Goal of the exercise: Leave the images out and repeat the data exactly as given.

Collected material:
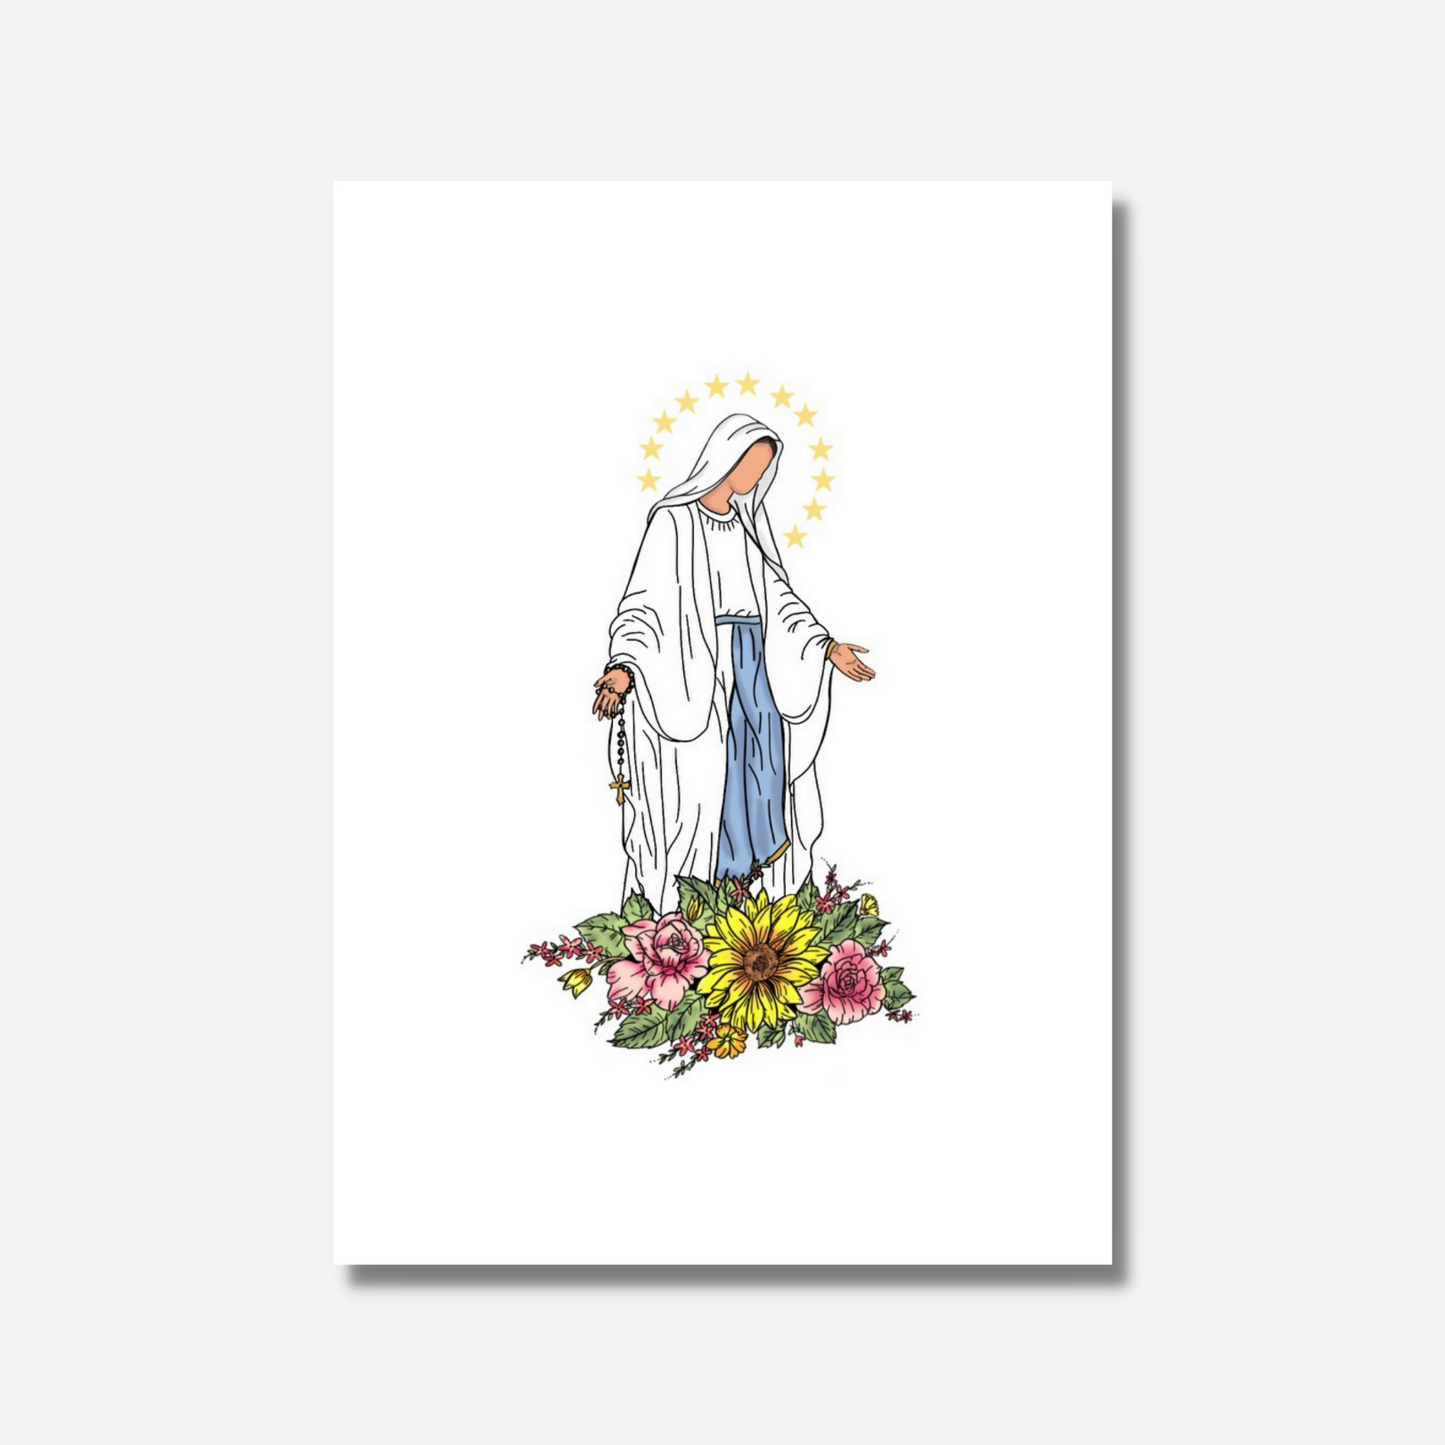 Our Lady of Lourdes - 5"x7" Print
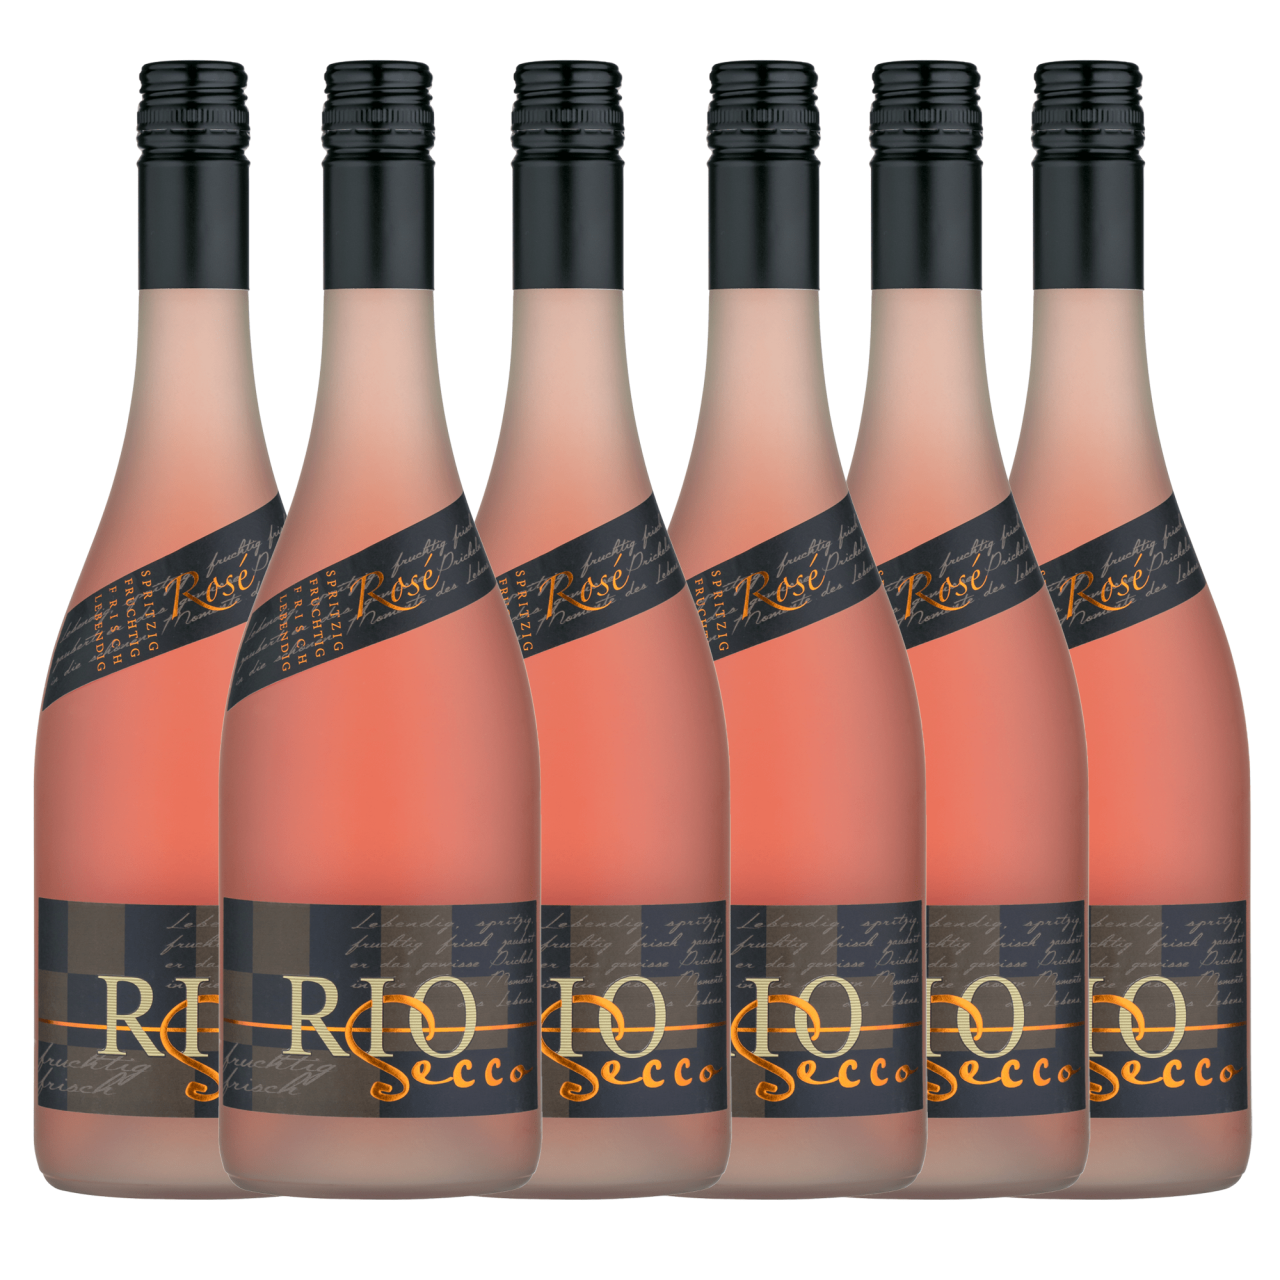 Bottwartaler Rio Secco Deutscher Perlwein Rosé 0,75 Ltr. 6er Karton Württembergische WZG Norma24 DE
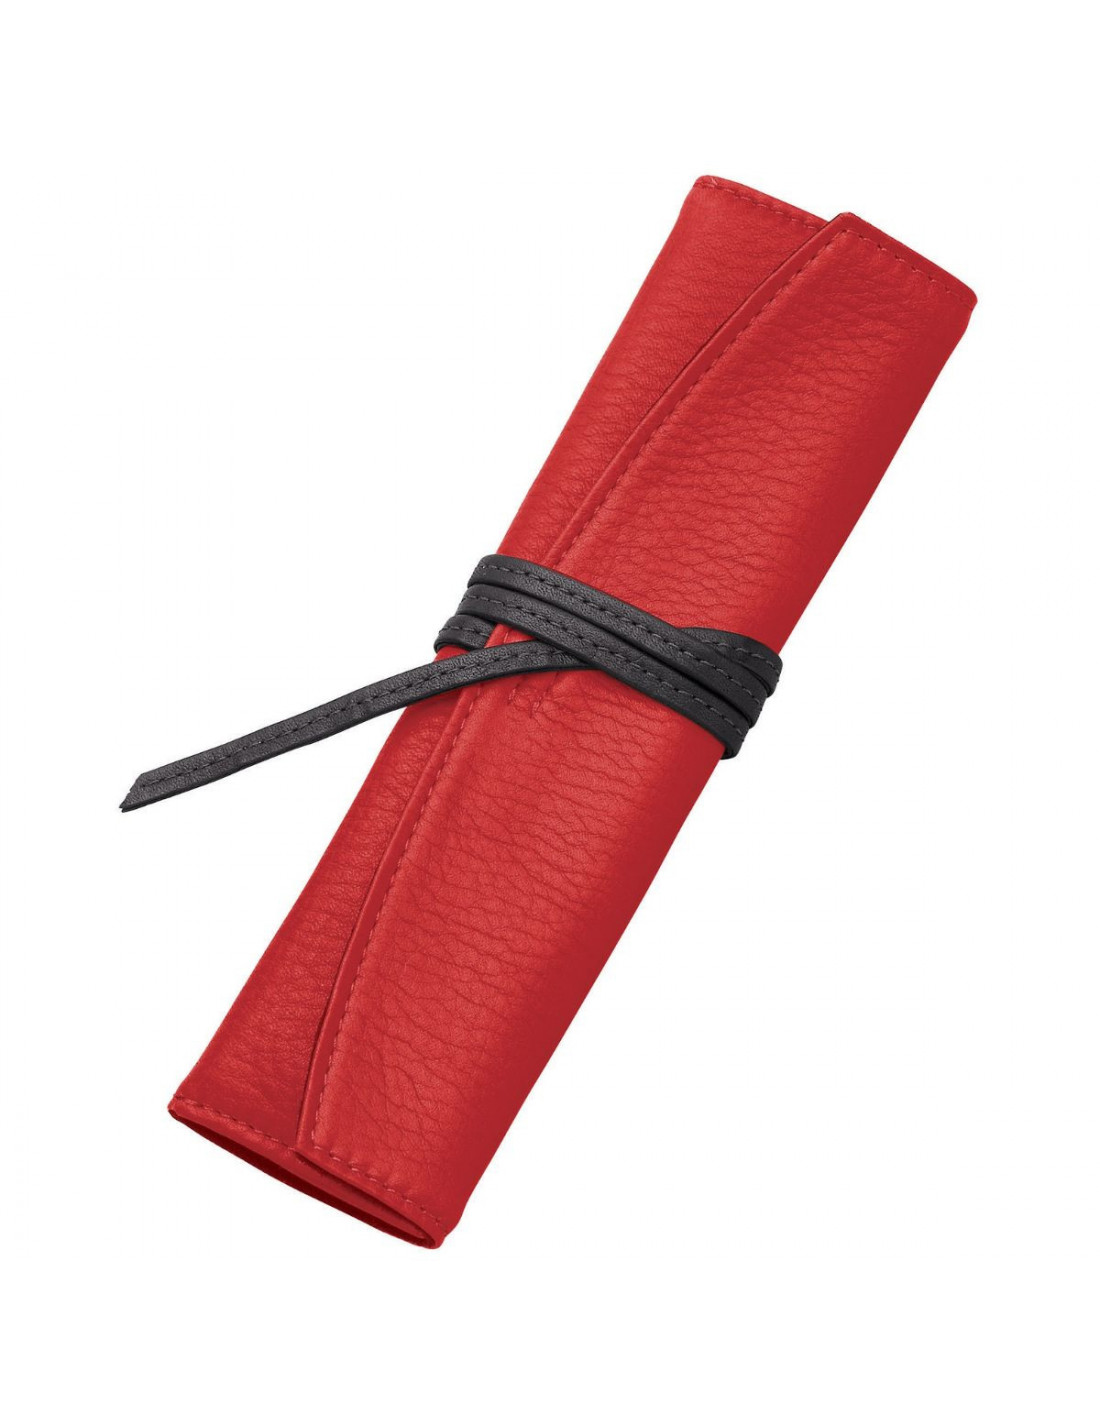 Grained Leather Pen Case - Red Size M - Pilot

Completed exercise:
 Our Lady of Lourdes - 5"x7" Print
 Bottwartaler Rio Secco Deutscher Perlwein Rosé 0,75 Ltr. 6er Karton Württembergische WZG Norma24 DE
 Grained Leather Pen Case - Red Size M - Pilot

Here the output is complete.